Can we elaborate more on the algorithm used for selecting functions?

Thanks, modified.

jgong5 · 2023-08-03T06:46:50Z

RFC-0025-sdpa-optm-cpu.md

+
+Here are the detailed implementation items:
+
+*   The flash attention CPU kernel is added, in which both forward and backward paths are implemented for data types float32 and bfloat16.


Please add more details on how the fusions are implemented on CPU.

Thanks, modified.

jgong5 · 2023-08-03T06:49:07Z

RFC-0025-sdpa-optm-cpu.md

+## **Performance**
+All validations are run on SPR machine.
+
+### NanoGPT's SDPA kernel


Can you also provide shape details from the benchmarks?

Thanks, added.

jgong5 · 2023-08-03T06:49:52Z

RFC-0025-sdpa-optm-cpu.md

+
+For the SDPA optimization, there are two things that needed to be discussed and I hope to have your precious opinions.
+
+One is about the util functions for SDPA selection. The current util functions are under the CUDA folder, i.e. `transformers/cuda/sdp_utils`. For CPU, we have similar functions in `transformers/sdp_utils_cpp` (see #105131). It is good to know whether we need to make them a unified API.

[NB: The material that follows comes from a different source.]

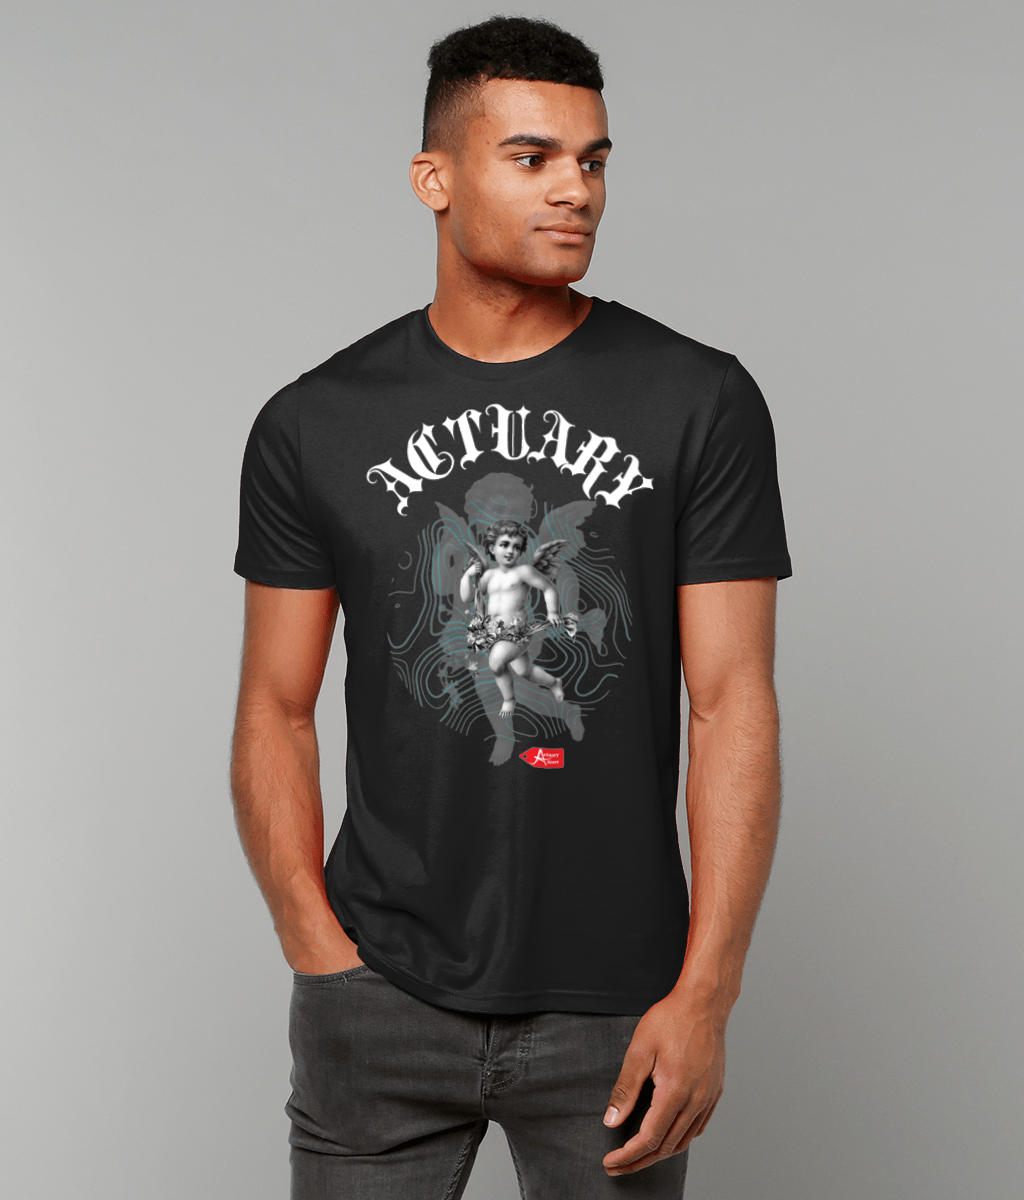 Actuary Black Teal Gothic Cupid Illustration Black T-Shirt
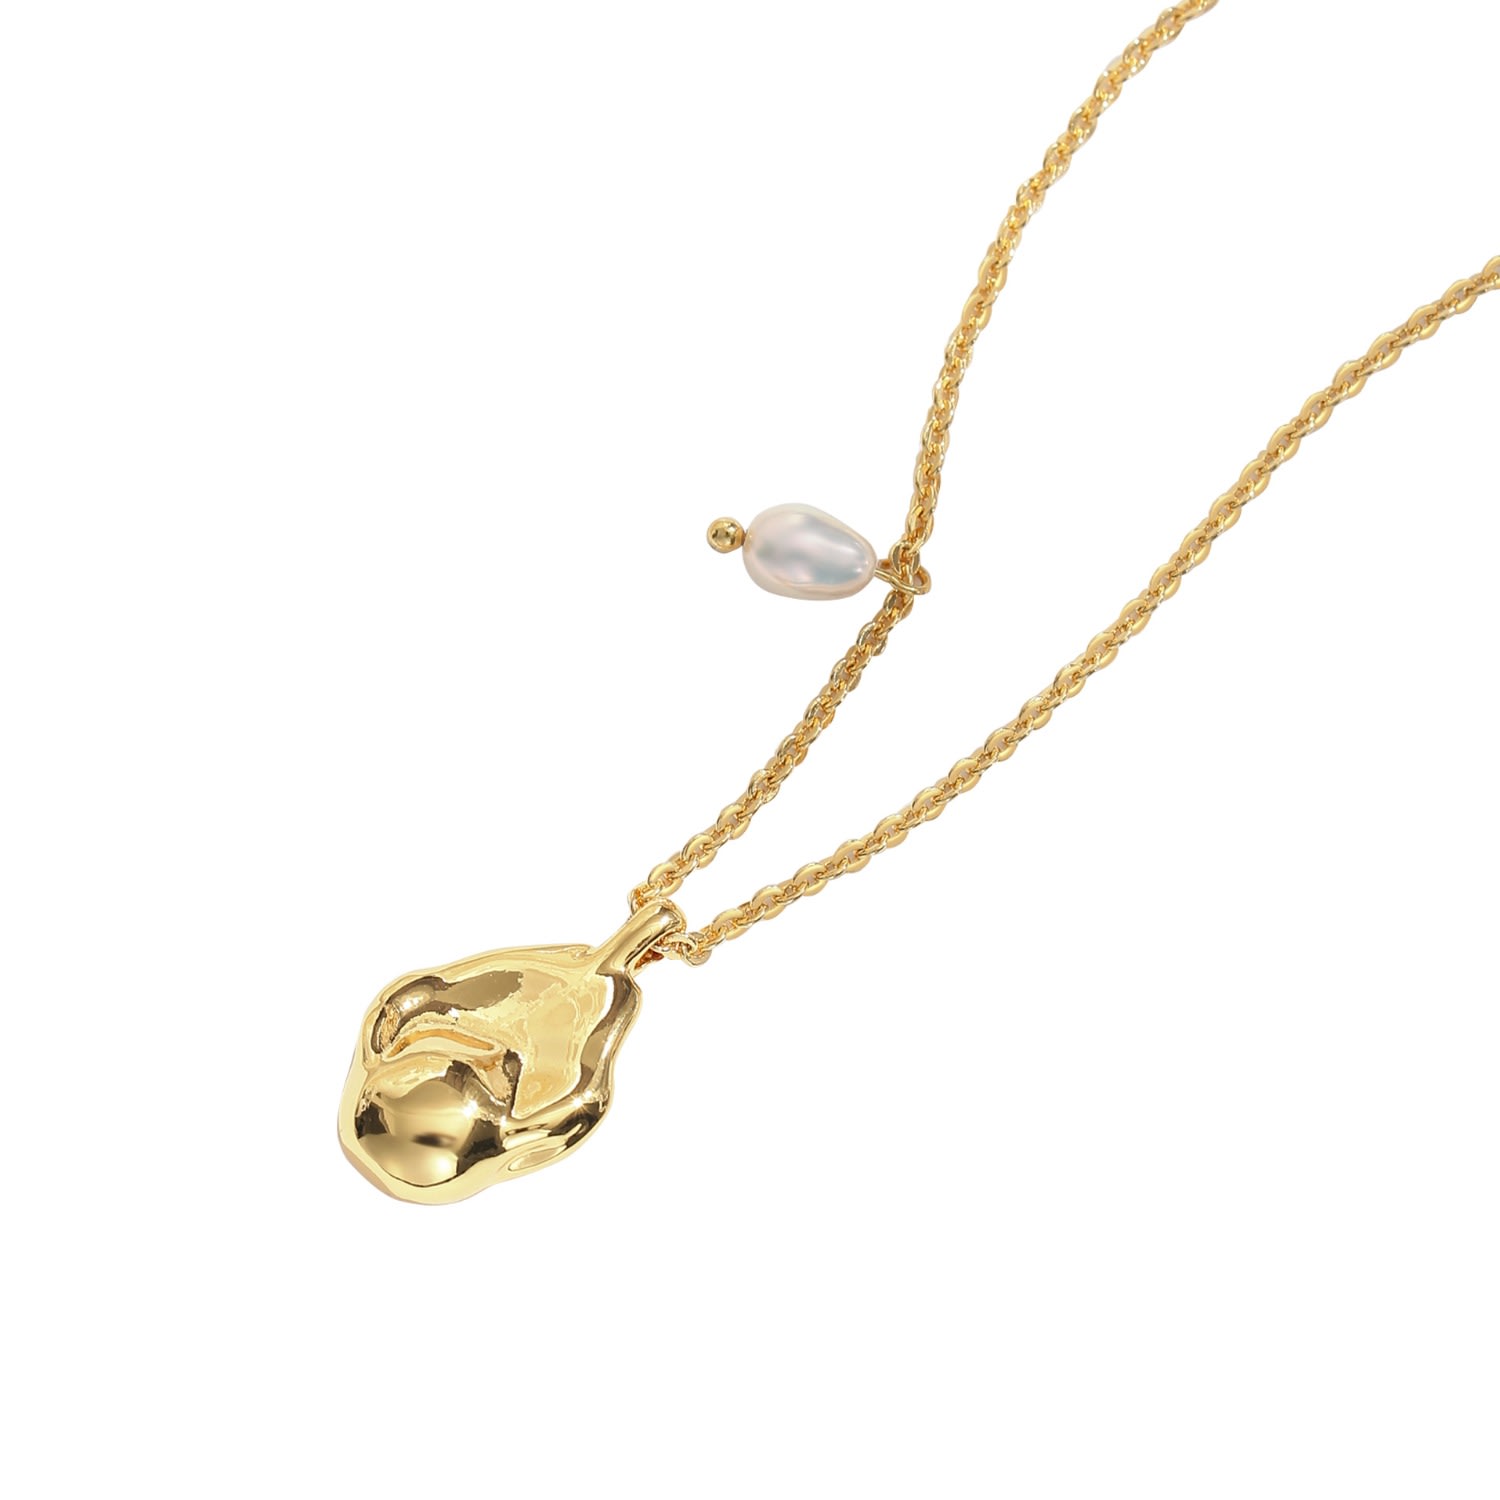 Shop Classicharms Women's Gold Baroque Pendant & Pearl Necklace

What's the problem of unifying these utils?

There exist compilation issues when the files in CUDA folder include the files in non-CUDA folder, and vice versa. I'll spend more time to figure out the solution.

I think that this can be resolved, there is functionality that is needed for cuda dispatching that requires cuda utils to be built. I think though that the common utils can be abstracted out and shared between the two

Thanks, would do it.

The common utils abstraction has been done in #105131.

albanD · 2023-08-04T13:33:30Z

cc @drisspg

jgong5

LGTM. I know we are also working on EfficientAttention. Do we plan to submit a separate RFC or combine them two? @mingfeima

mingfeima · 2023-08-07T06:04:01Z

LGTM. I know we are also working on EfficientAttention. Do we plan to submit a separate RFC or combine them two? @mingfeima

No, just this one.

drisspg · 2023-08-07T19:56:24Z

jgong5

Can you elaborate on the difference between EfficientAttention and what is discussed here?

drisspg · 2023-08-07T19:59:22Z

RFC-0025-sdpa-optm-cpu.md

+
+Here are the detailed implementation items:
+
+*   The flash attention CPU kernel is added, in which both forward and backward paths are implemented for data types float32 and bfloat16. Blocking is applied on dimensions of query length and kv length and the fusion of gemm + softmax update + gemm is done at once for each block. Specifically, FP32In-FP32Out and FP32In-BF16Out adopt the mkl gemm and BF16In-BF16Out adopts the OneDNN one. Parallelization is on the dimensions of batch size, head number and query length for forward path, and on the dimensions of batch size and head number for backward path. In addition, the causal attention mask is supported. As the attention is masked for the unseen tokens, early termination is applied and we only calculate the blocks in the lower triangular part.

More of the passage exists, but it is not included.